Notícia da edição impressa de 14/07/2017. Alterada em 13/07 às 22h25min

TRF deverá julgar Lula antes das eleições de 2018

Luiz Inácio Lula da Silva foi condenado a 9 anos e 6 meses

Luiz Inácio Lula da Silva foi condenado a 9 anos e 6 meses


MIGUEL SCHINCARIOL/MIGUEL SCHINCARIOL/AFP/JC
O presidente do Tribunal Regional Federal da 4ª Região (TRF-4), desembargador Carlos Eduardo Thompson, afirmou, nesta quinta-feira, que o recurso da defesa do ex-presidente Luiz Inácio Lula da Silva (PT) contra a decisão do juiz Sérgio Moro, que o condenou a 9 anos e 6 meses de prisão, deve ser julgado até agosto de 2018 - antes, portanto, das eleições presidenciais.
Em entrevista à rádio BandNews, o desembargador afirmou que "não há um prazo para a tramitação do processo". Ele explicou que as defesas - além de Lula, o juiz Moro condenou outros réus da ação penal do caso triplex, inclusive o empreiteiro Léo Pinheiro, da OAS - ainda devem apresentar embargos, que serão avaliados pelo próprio juiz federal da Lava Jato.
Somente após o parecer da primeira instância sobre este primeiro recurso, os advogados de Lula e o Ministério Público Federal (MPF) poderão apelar para o TRF-4.
"No tribunal, eles já apresentam as razões, se dá vista do processo ao Ministério Público, e aí vai para o relator, o ministro Gebran Neto, que é o relator dos processos da Lava Jato. Ele vai elaborar seu voto. Concluído, ele encaminha ao revisor, que é o Leandro Paulsen. Há um certo rito que não tem como não ser obedecido.
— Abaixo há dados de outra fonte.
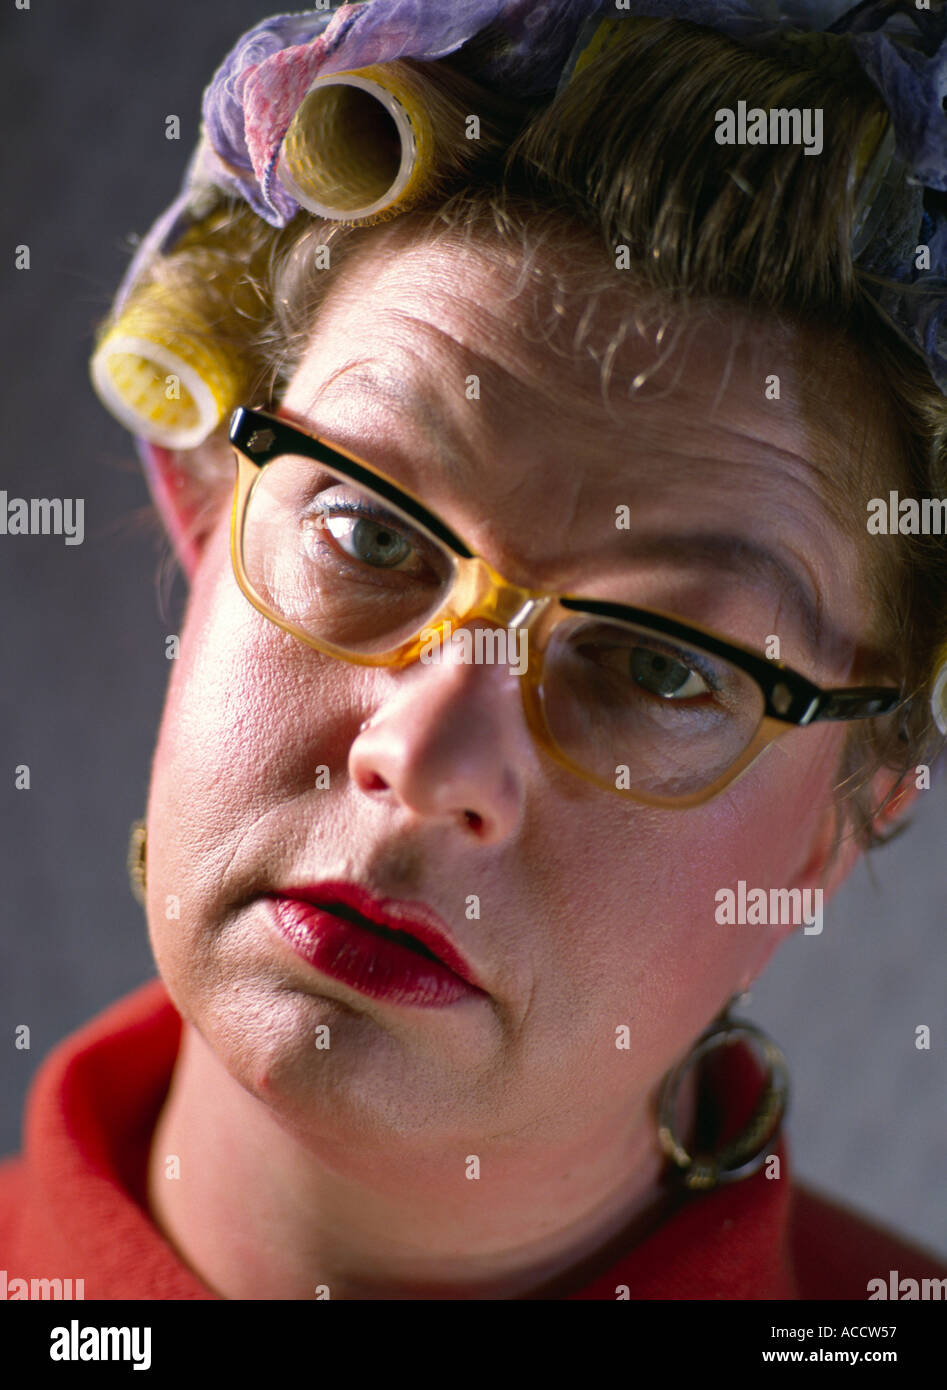 Herr Frau mit Lockenwickler und alte altmodische Brille Brillen suchen  hilflos blöd Stockfotografie - Alamy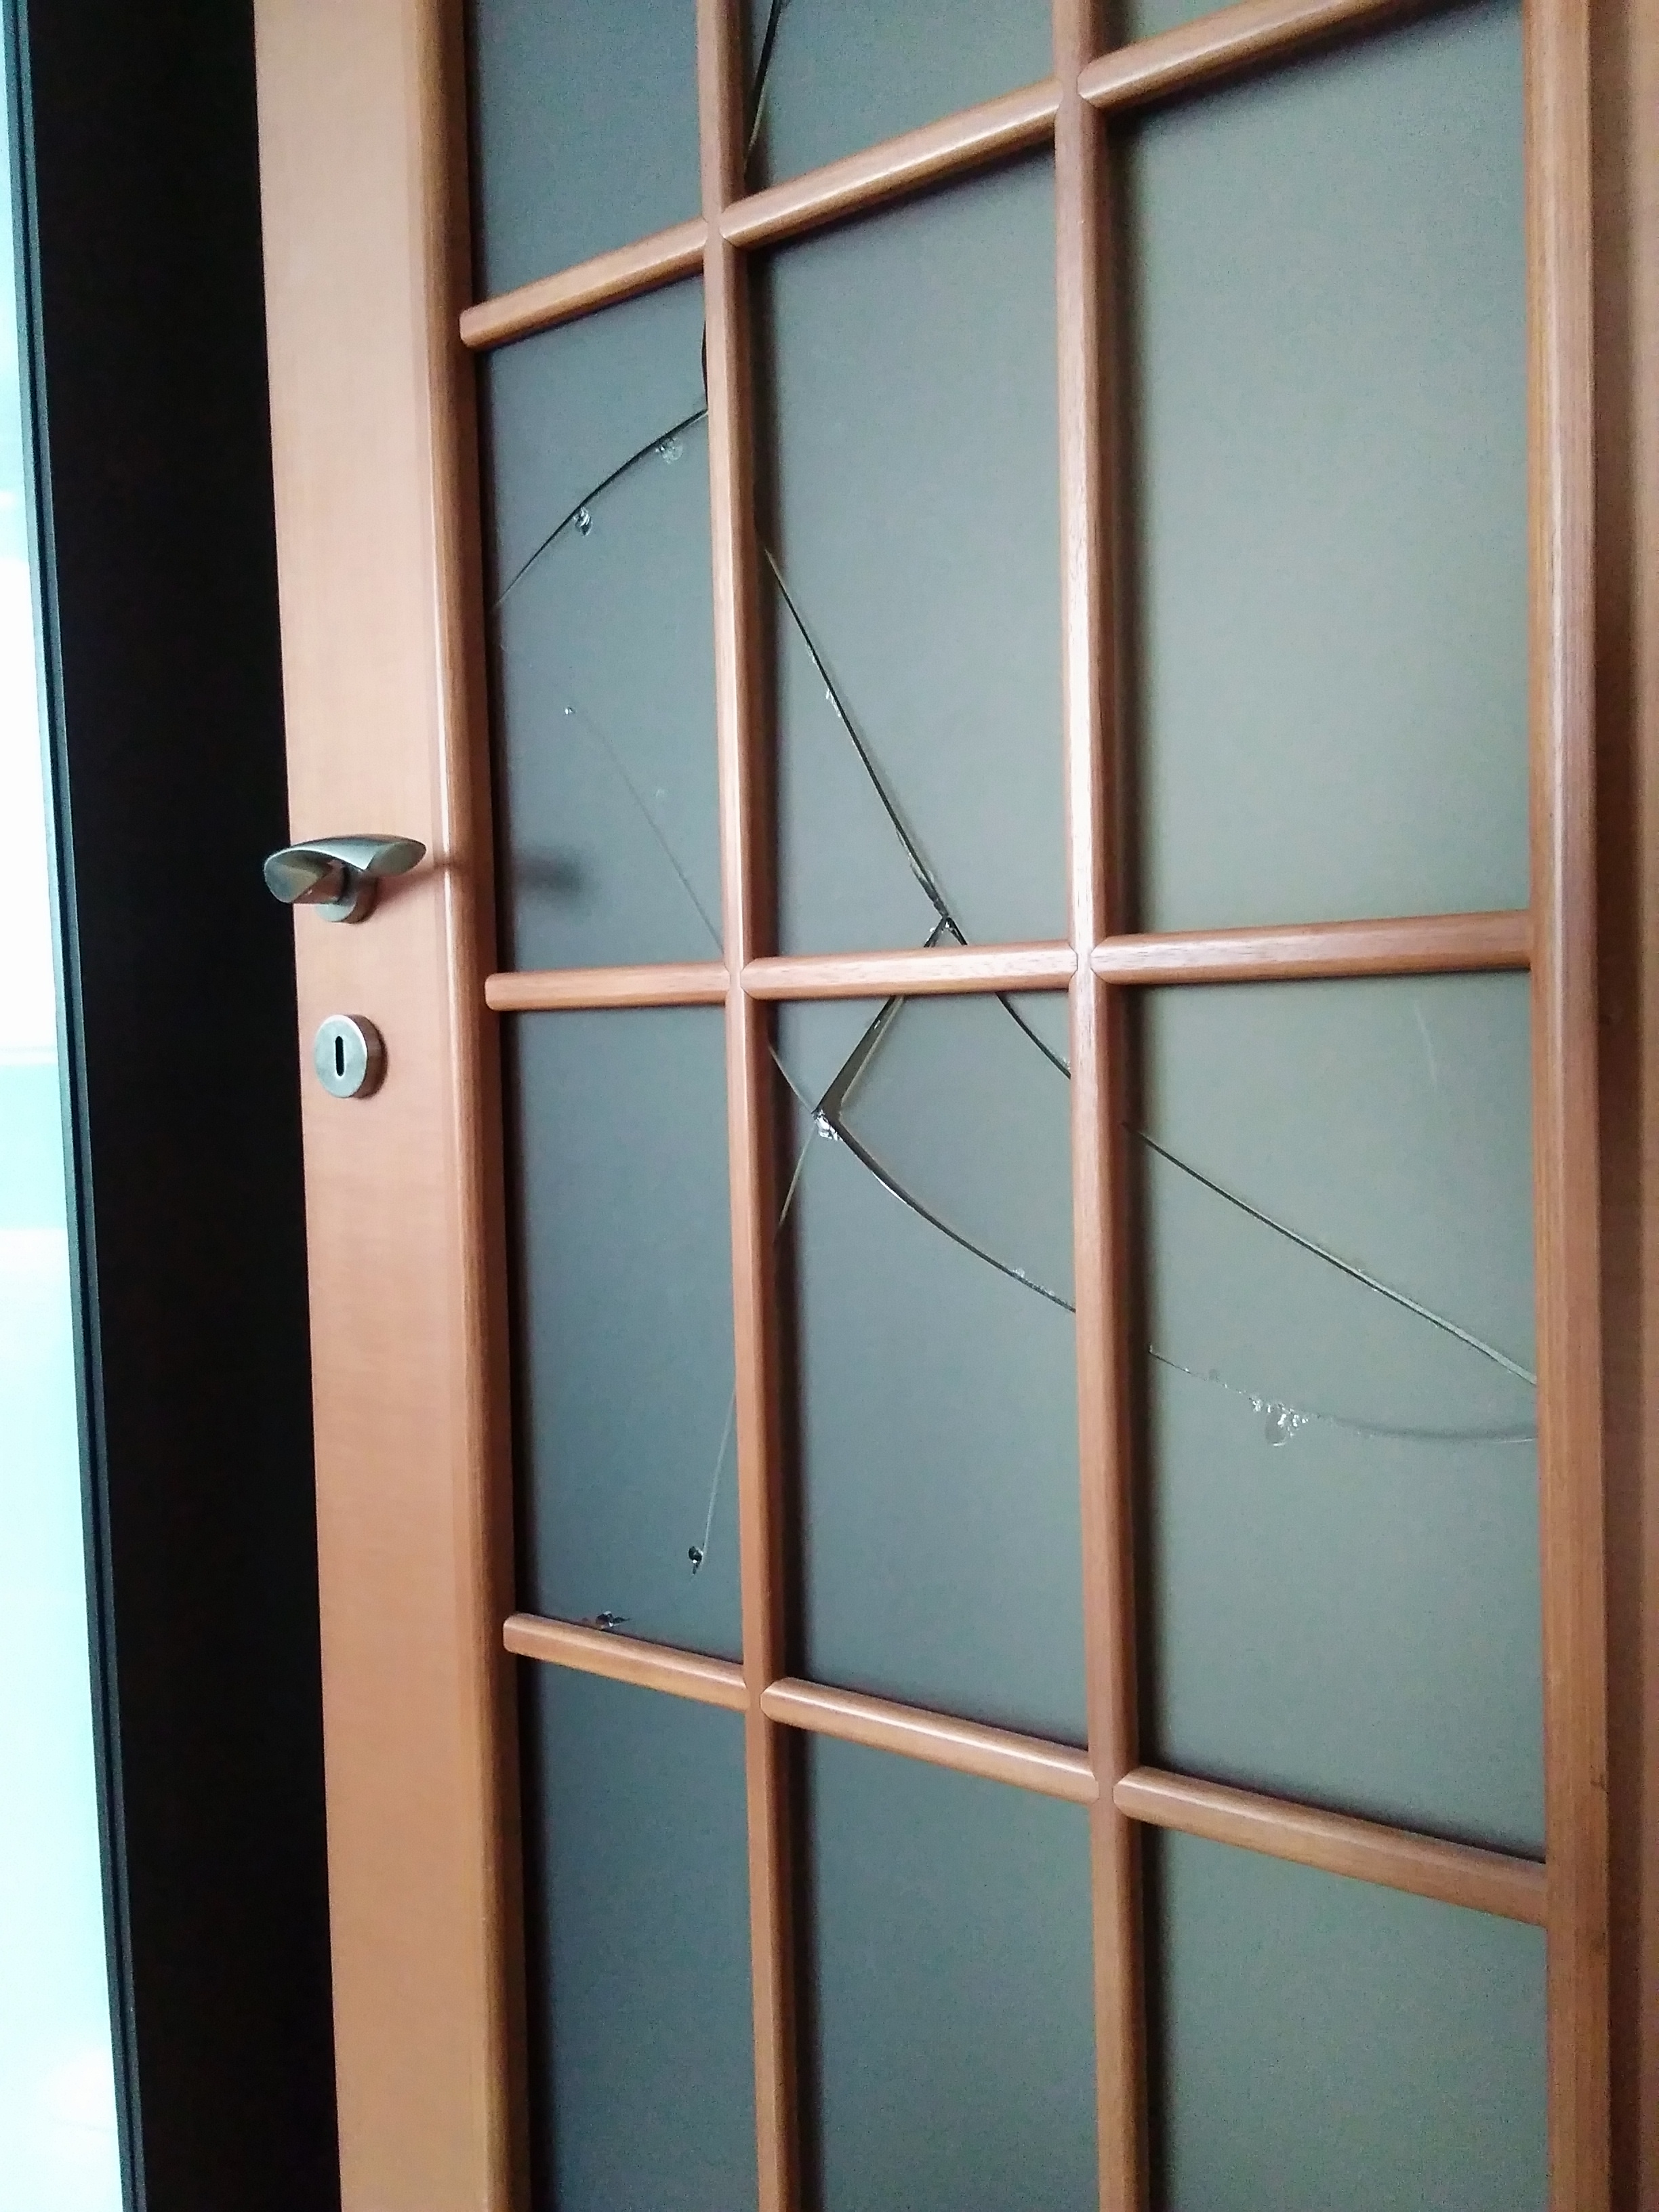 Межкомнатные двери со стеклом, которые можно отремонтировать Альтернатива стеклу Инструменты и этапы ремонта Разборка двери для замены стекла

Eu acredito que esse processo por agosto, no mais tardar setembro, já esteja no tribunal, julgado aqui ou pautado para julgamento."
O presidente da corte ainda relatou que, até hoje, 32 sentenças foram dadas por Moro, das quais 28 foram alvo de apelações. Do total de recursos, 12 foram julgados, e 16 estão praticamente em via de julgamento, segundo Thompson.
O ex-presidente Lula, condenado por Moro à perda de funções públicas por 19 anos, só poderá ser preso e ficar inelegível após a decisão de segunda instância, no caso, a 8ª Turma do TRF-4.